### Supplied data:
[Start of Attachment]
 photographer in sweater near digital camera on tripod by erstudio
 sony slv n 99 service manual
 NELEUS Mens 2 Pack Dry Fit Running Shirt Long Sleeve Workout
[End of Attachment]
### About this task:
Every line of the listing should be reproduced exactly.

### Output of the task:
 photographer in sweater near digital camera on tripod by erstudio
 sony slv n 99 service manual
 NELEUS Mens 2 Pack Dry Fit Running Shirt Long Sleeve Workout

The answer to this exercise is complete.